Challenge Link (coming soon)

Action Detection

Lead: Francesco Ragusa, University of Catania, IT
Summary: The challenge requires detecting and recognising all action instances within an untrimmed video. The challenge will be carried out on the EPIC-KITCHENS-100 dataset.
Current SOTA: Results
Previous Winner: Action Avg. mAP 31.97

Challenge Link (coming soon)

Domain Adaptation Challenge for Action Recognition

Lead: Saptarshi Sinha, University of Bristol, UK
Summary: Given labelled videos from the source domain and unlabelled videos from the target domain, the goal is to classify actions in the target domain. An action is defined as a verb and noun depicted in a trimmed video clip.
Current SOTA: Paper
Previous Winner: 43.17 for action accuracy

Challenge Link (coming soon)

Multi-Instance Retrieval

Lead: Prajwal Gatti, University of Bristol, UK
Summary: Perform cross-modal retrieval by searching between vision and text modalities.
Current SOTA: Paper
Previous Winner: Normalised Discounted Cumulative Gain (%) Avg. - 74.25

Challenge Link (coming soon)

Semi-Supervised Video-Object Segmentation

Lead: Rhodri Guerrier, University of Bristol, UK
Summary:Given a sub-sequence of frames with M object masks in the first frame, the goal of this challenge is to segment these through the remaining frames. Other objects not present in the first frame of the sub-sequence are excluded from this benchmark.
Current SOTA:Webpage

Challenge Link (coming soon)

EPIC-SOUNDS Audio-Based Interaction Recognition

Lead: Omar Emara, University of Bristol, UK
Summary: Recognising interactions from audio data from EPIC-Sounds (classify the audio).
Current SOTA: User: JMCarrot
Previous Winner: N/A

Challenge Link (coming soon)

EPIC-SOUNDS Audio-Based Interaction Detection

Lead: Omar Emara, University of Bristol, UK
Summary: Classify all audio-based interactions (recognition) from audio data of EPIC-Sounds and predict their start and end times for a given video.
Current SOTA: User: shuming
Previous Winner: N/A

Challenge Link (coming soon)

HD-EPIC Challenge

Please check the HD-EPIC website for more information on the HD-EPIC challenges. Links to individual challenges are also reported below.

HD-EPIC Challenges - VQA

Lead: Prajwal Gatti, University of Bristol, UK
Summary: Given a question belonging to any one of the seven types defined in the HD-EPIC VQA benchmark, the goal is to predict the correct answer among the five listed choices.
Current SOTA: Gemini Pro
Previous Winner: N/A

Challenge Link (coming soon)

Call for Papers

You are invited to submit papers to the third edition of joint egocentric vision workshop which will be held alongside CVPR 2026 in Denver.
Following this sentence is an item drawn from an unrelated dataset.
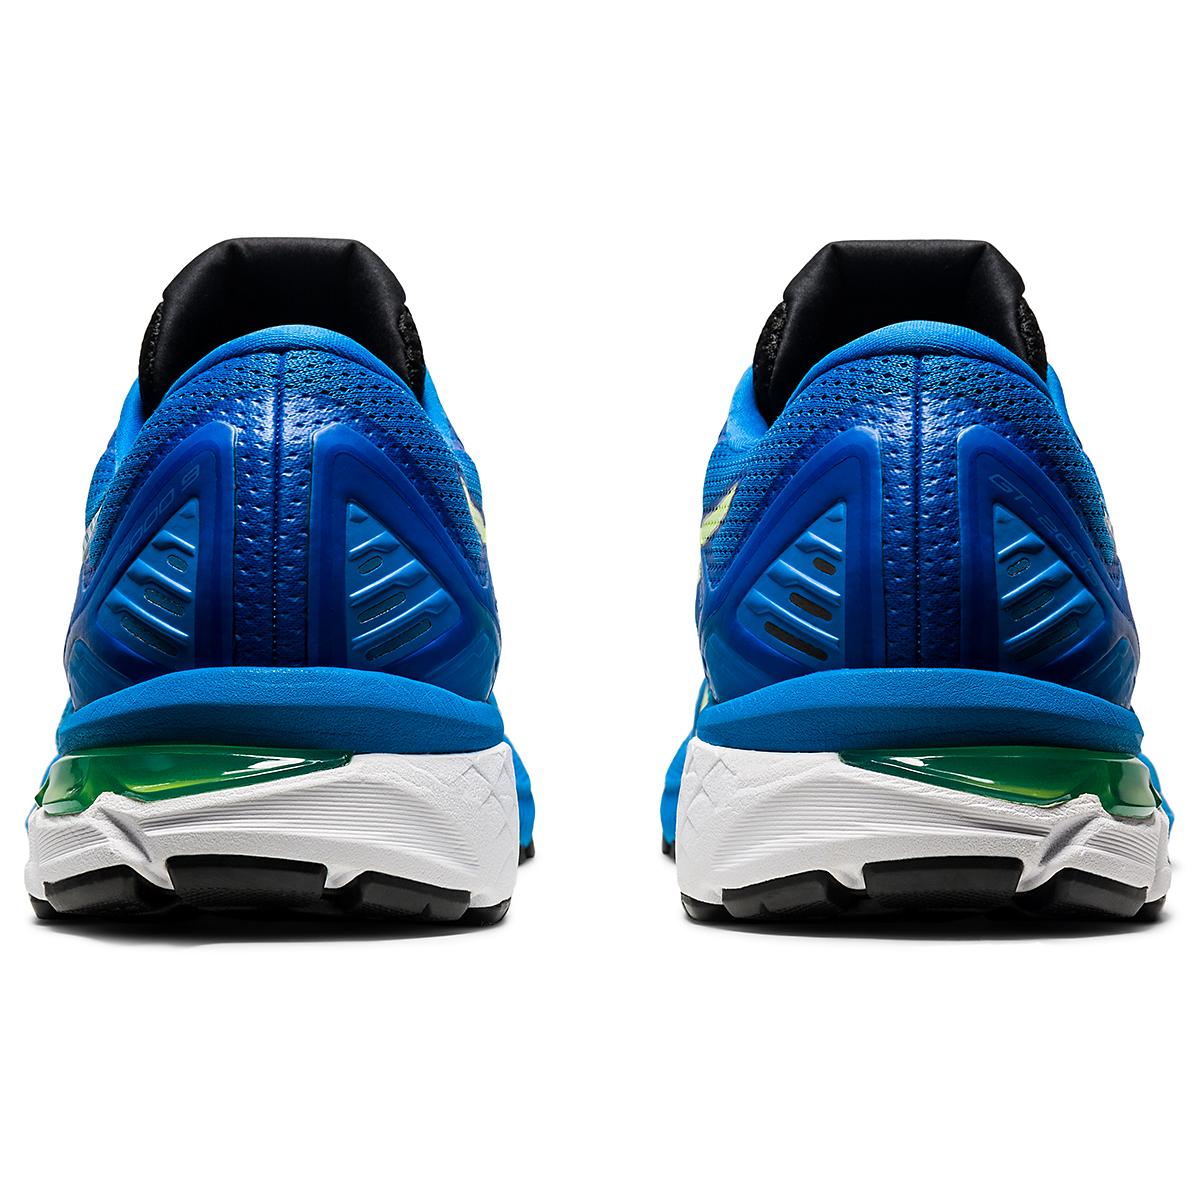 Men's Asics Gt-2000 9 Running Shoe - Color: Directoire Blue - Size: 7 - Width: Regular, Directoire Blue, large, image 3

These papers represent original work and will be published as part of proceedings alongside CVPR. We welcome all works that focus within the Egocentric Domain, it is not necessary to use the datasets in this workshop within your work. We expect a submission may contain one or more of the following topics (this is a non-exhaustive list):

Egocentric vision for human activity analysis and understanding, including action recognition, action detection, audio-visual action perception and object state change detection
Egocentric vision for anticipating human behaviour, actions and objects
Egocentric vision for 3D perception and interaction, including dynamic scene reconstruction, hand-object reconstruction, long-term object tracking, NLQ and visual queries, long-term video understanding
Head-mounted eye tracking and gaze estimation including attention modelling and next fixation prediction
Egocentric vision for object/event recognition and retrieval
Egocentric vision for summarization
Daily life and activity monitoring
Egocentric vision for human skill learning, assistance, and robotics
Egocentric vision for social interaction and human behaviour understanding
Privacy and ethical concerns with wearable sensors and egocentric vision
Egocentric vision for health and social good
Symbiotic human-machine vision systems, human-wearable devices interaction
Interactive AR/VR and Egocentric online/real-time perception

Presentation Guidelines

All accepted papers will be presented as posters. The guidelines for the posters are the same as at the main conference.

Submission Instruction

Submit your papers through CMT: https://cmt3.research.microsoft.com/EgoVis2026/
We are following the CVPR paper format: https://cvpr.thecvf.com/Conferences/2026/AuthorGuidelines
LaTeX/Word Templates can be found here: CVPR 2026 Paper Template
We accept full-length (max 8 pages) submissions, excluding references
All the submissions will be peer-reviewed by at least two reviewers
Blind review: we adopt double-blind review for this workshop. Submitted papers and supplementary materials should not reveal any information about the author
Dual submission: We do not accept paper submissions that have been published or are under review for other conferences or workshops. Accepted papers are expected to be published at CVPR proceedings
In submitting a manuscript to EgoVis Workshop, the authors agree to the review process and agree to contribute with the reviewing process

Call for Abstracts

You are invited to submit extended abstracts to the third edition of joint egocentric vision workshop which will be held alongside CVPR 2026 in Denver.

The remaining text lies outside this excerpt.